For an object experiencing an external force the equation of motion is (from above) $F^{ext}=\dot{p}$. Any internal forces, like that from the exhaust pushing on the rocket, can be ignored from Newton's Third Law. Now for the heuristic trick to make this super easy. With $p=mv$
$$ \dot{p} = \dot{m}v + m\dot{v} = F^{ext} $$
The first term in the middle can be read "the little bit of ejected mass times its velocity (which relative to the rocket is always $v_{ex}$) plus the mass of the rocket times its change in velocity is due to the external force (which is gravity)." In the end the result will look like
$$ \dot{m}v_{ex} + m\dot{v} = -mg $$ $$ \frac{dv}{dt} = -g - \frac{(m_0/\tau) v_{ex}}{m} $$
And the last important note is that the mass itself is a function of time with $m(t)=m_0-m_0/\tau t$. This is then a relatively simple first-order ODE (I can never remember how to solve these things) which can be integrated twice to find the height as a function of time.
Now this method yields the same result as what Taylor does in Chapter 3 of Classical Mechanics.
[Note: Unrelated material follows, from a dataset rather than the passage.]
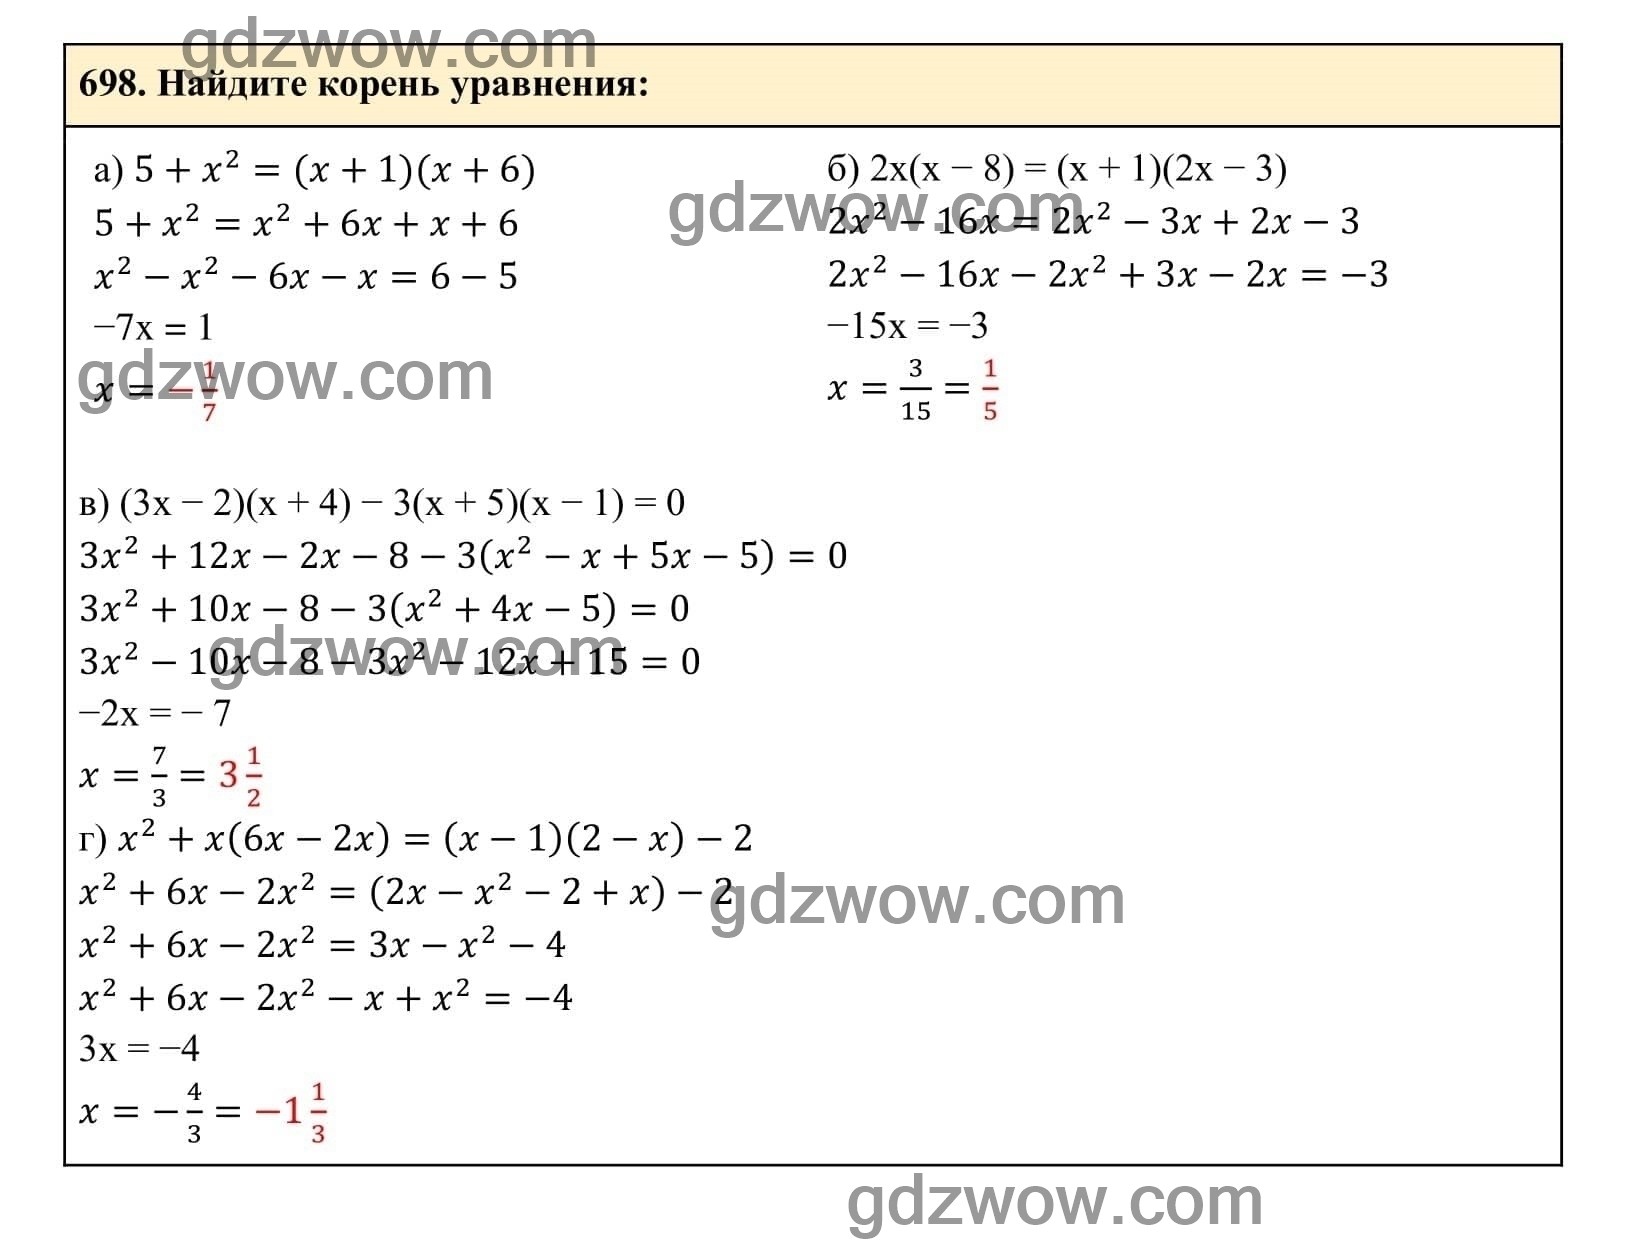 Упражнение 698 - ГДЗ по Алгебре 7 класс Учебник Макарычев (решебник) - GDZwow
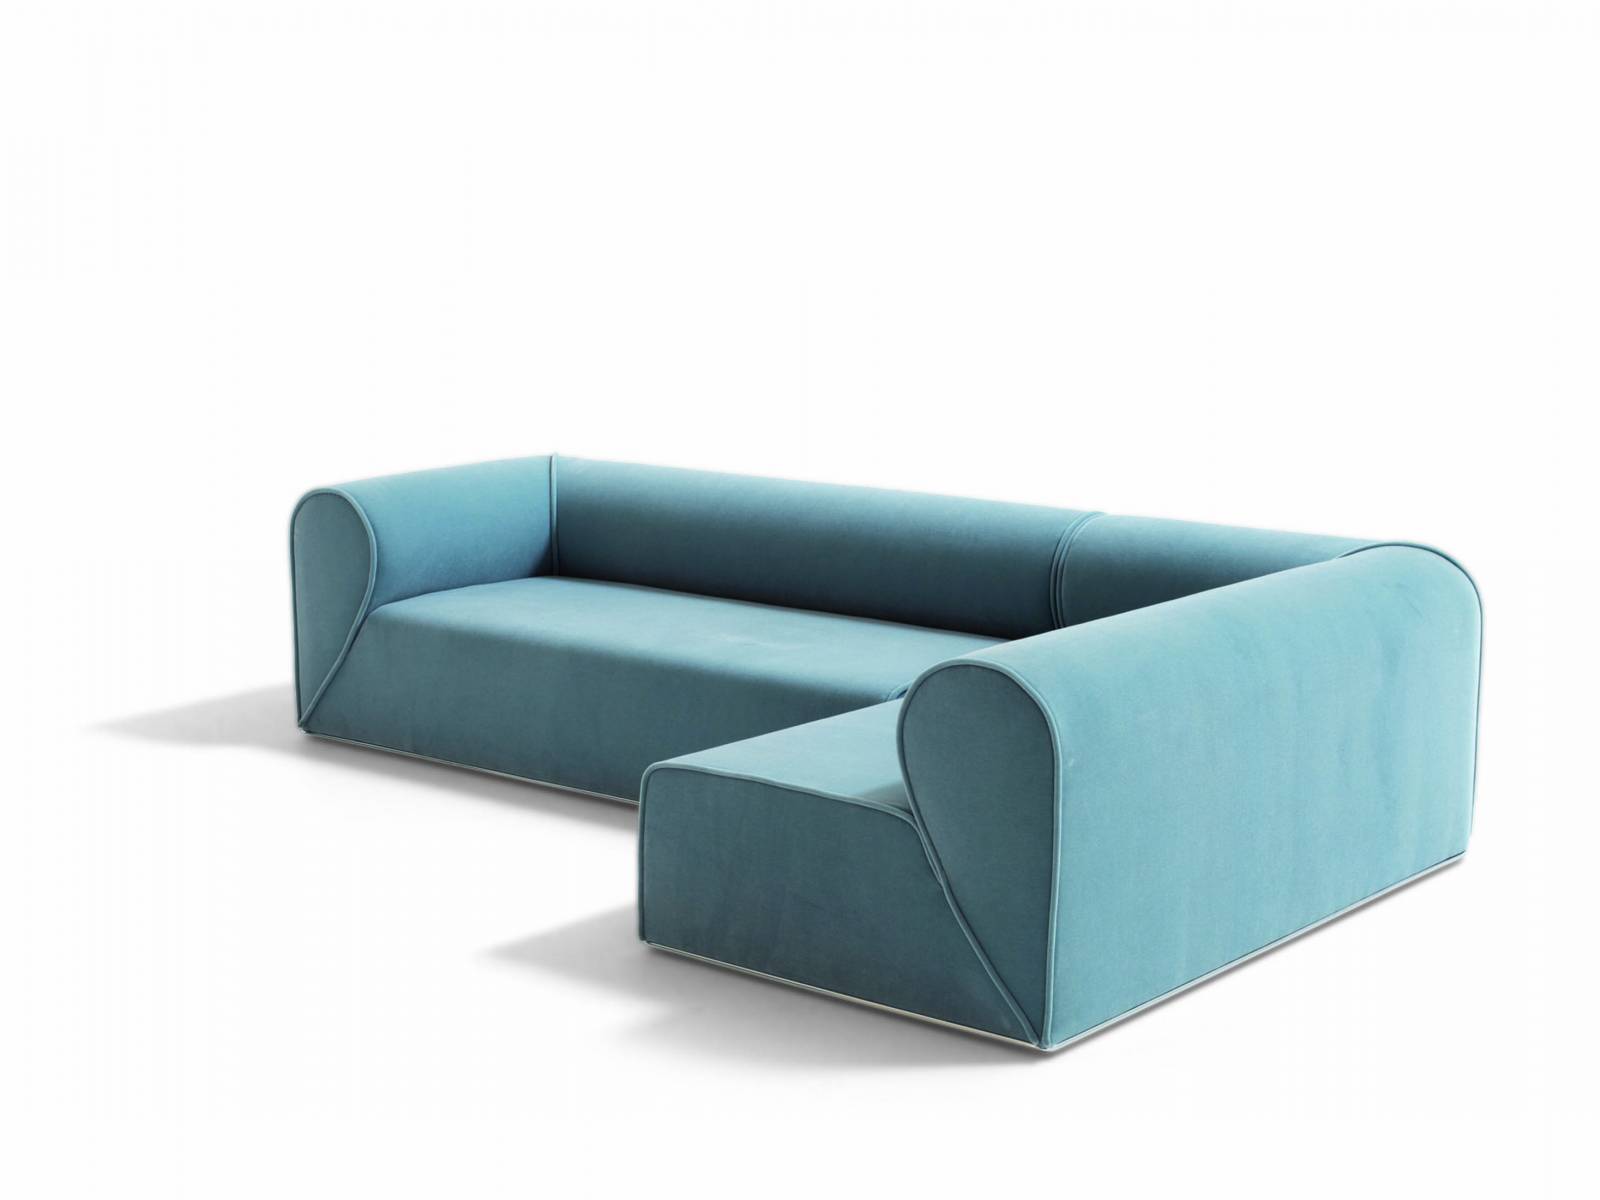 Heartbreaker ist eine minimalistische Sofa-Kollektion des Kopenhagener Designers Johannes Torpe. Seinen Namen gab ihr das spezielle Design der Armlehnen, die jeweils ein halbes Herz bilden und sich zu einem vollen Herzen verbinden, wenn mehrere Sofas nebeneinander stehen. Moroso.

I show the steps here briefly. Starting with $\frac{dP}{dt}=F^{ext}$ we can determine the slight change in the rocket's momentum by $dP = P(t + dt) - P(t) = (m + dm)(v + dv) - dm (v - v_{ex}) - m v$
$$ dP = m dv + dm v_{ex} $$ $$ \frac{dP}{dt} = m \frac{dv}{dt} + (m_0/\tau) v_{ex} = -m g $$
Which is the same result as above. Maybe this way of deriving the simple rocket equation is more straightforward but the heuristic trick above has always made more sense in my head when reasoning about this equation and related problems. Maybe it will help your thinking about the result, too.